The Federal Reserve intervened many times during the year 2022 in an effort to offset the considerable increase in inflation levels. Because of this, the Federal Reserve has significantly raised interest rates, which has the effect of making government bonds (which are also an asset that is considered a safe haven) more appealing than Gold.
This is due to the fact that bonds give returns, but Gold does not offer any. When investors look for investments that are less risky, they turn away from Gold and into bonds, which then weighs on the price of Gold.
Gold prices are supported by a weakening US Dollar
Because of the Federal Reserve's recent aggressive monetary policy tightening cycle, the value of the US Dollar has strongly increased in 2022. This is because higher interest rates are attractive to international investors who are searching for better investment possibilities. The returns on investments in dollars go up in tandem with the rate of inflation (when interest rates rise).
In addition to this, investments in USD generate more profits in comparison to investments in nations that have interest rates that are lower. Because they bring in a greater number of investors, those investors purchase a greater quantity of USD in order to make their investments, which drives up demand and, as a result, supports the value of the greenback.
However, the strength of the US Dollar puts downward pressure on the price of Gold, as both assets have a negative correlation, which means that their values often move in the opposite direction of one another. As the value of the dollar increases, the price of Gold tends to decrease since it becomes more costly for individuals holding other currencies to buy Gold, and the opposite is true when the dollar value decreases.
Recently, the USD lost ground, which has supported the price of Gold. After increasing by over 28% towards record levels in September 2022, the value of the Dollar Index dropped by around 8% in the last quarter of 2022 so far.
Daily Dollar Index Chart – Source: ActivTrader powered by TradingView
What to expect for the price of Gold in 2023
Because of the numerous unknowns surrounding the future of inflation, monetary policies across the globe, and global GDP, it is highly possible that the price of Gold will be subject to some degree of volatility in the year 2023.

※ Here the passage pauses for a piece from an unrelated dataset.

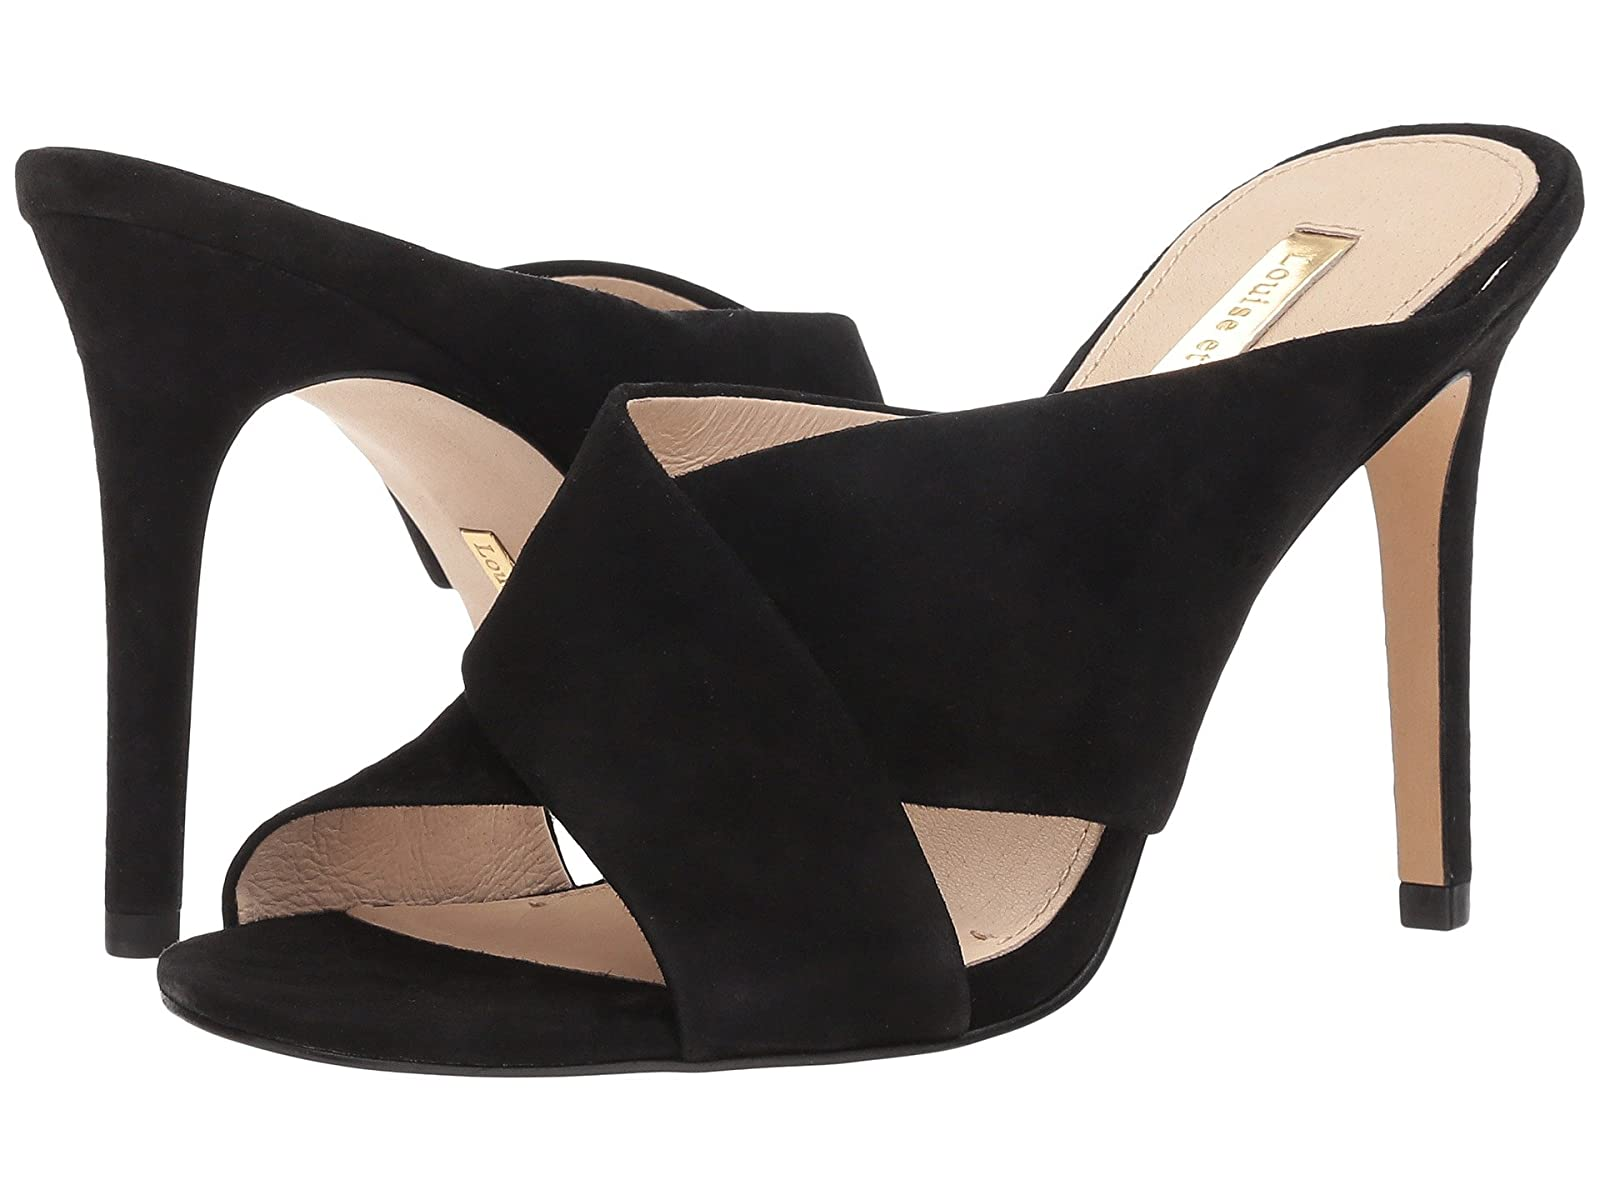 Louise et Cie Halloway 2Atmospheric grades have affordable shoes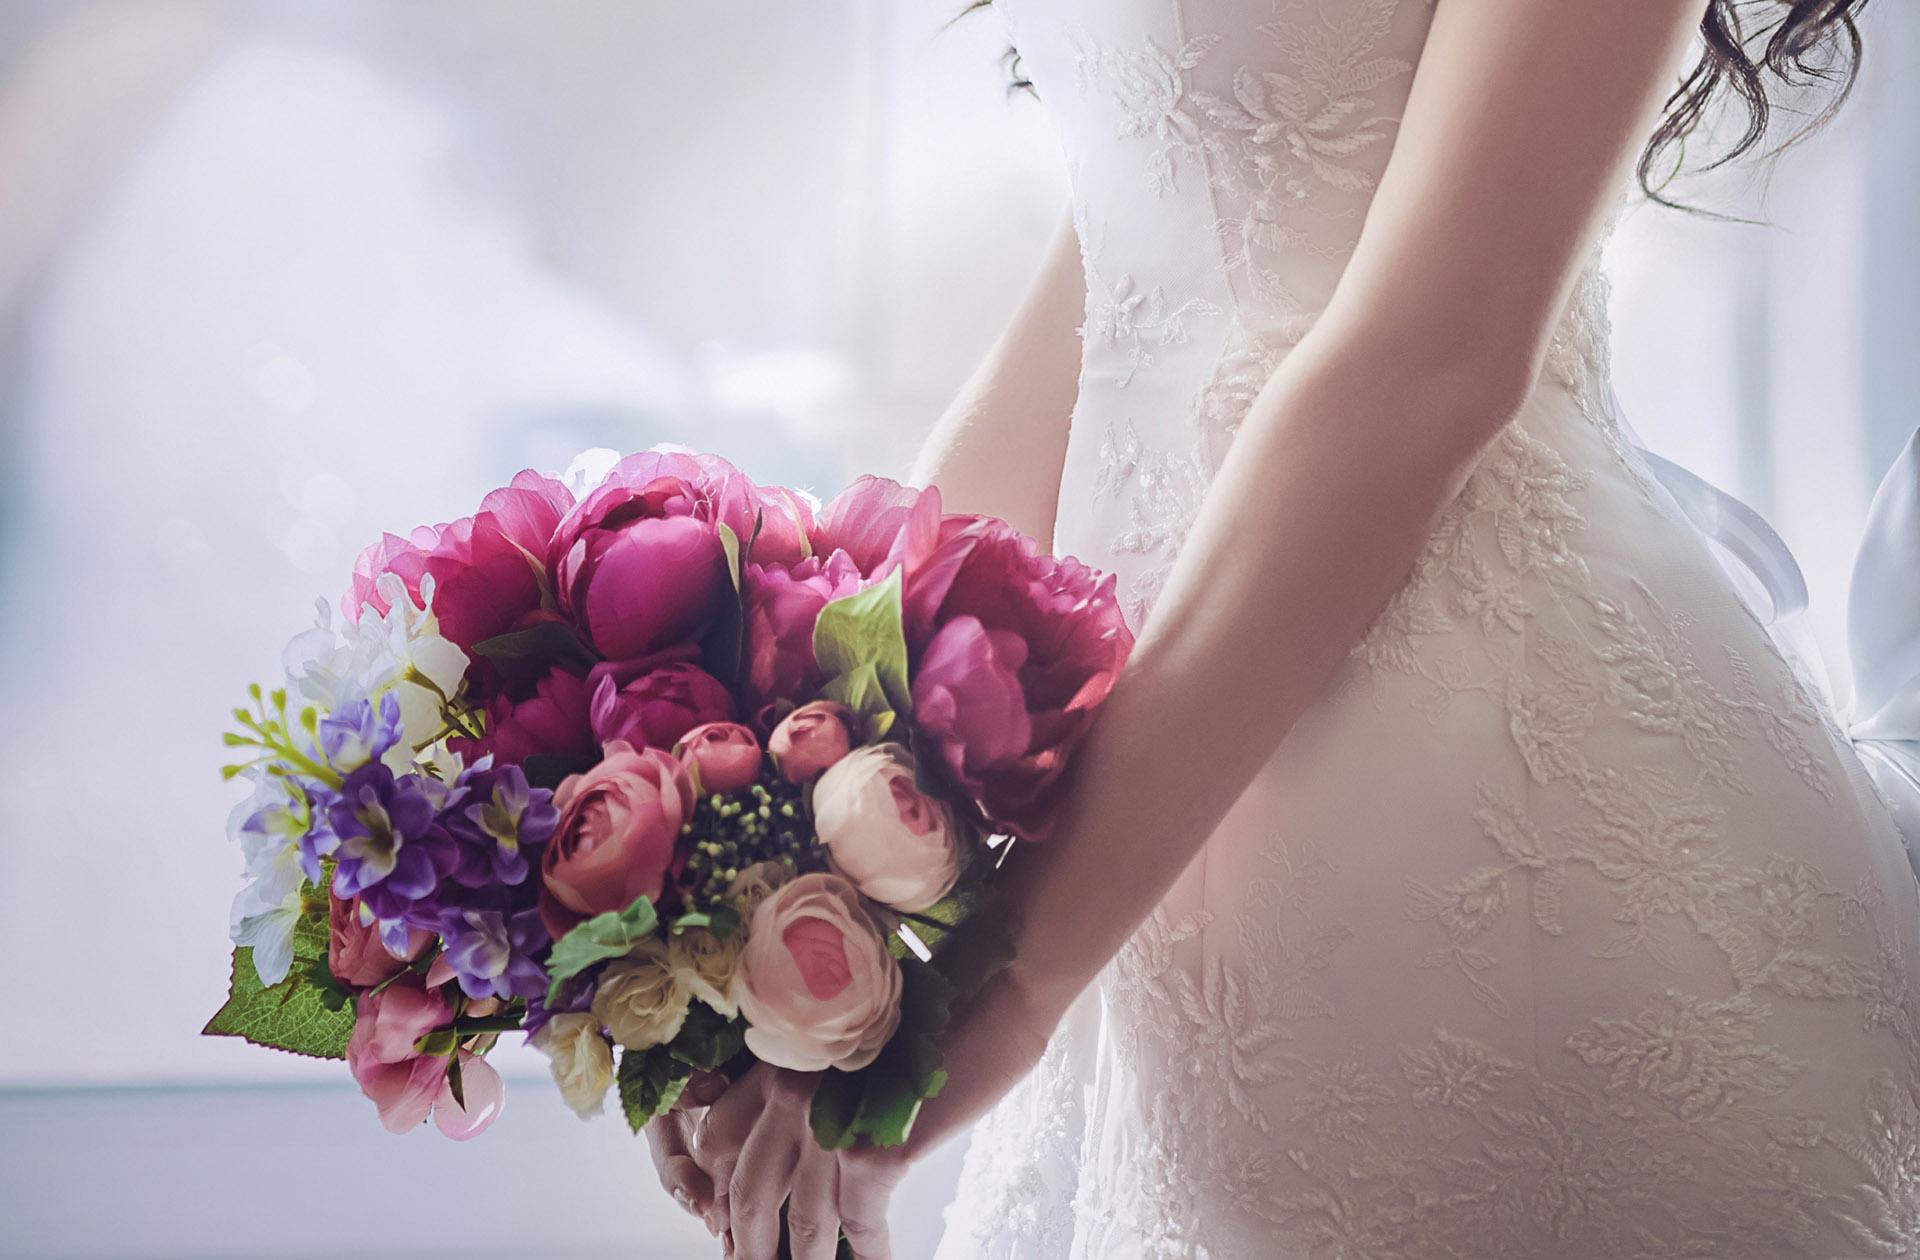 Balboa florist same day flowers delivery flower shop san diego izmirmasajfo

The price of Gold may increase because of growing inflation, or simply because of the acceptance of such high inflation over the medium to long term, particularly if rate rises slow down or even halt entirely. As the possibility of a worldwide recession becomes more likely to materialise, the demand for the yellow metal may also increase.
In addition, the shifting attitude of policymakers towards global geopolitical conflicts (the “war economy mentality”) may encourage them to prioritise stockpiling Gold rather than keeping foreign currency reserves in order to support their reserves.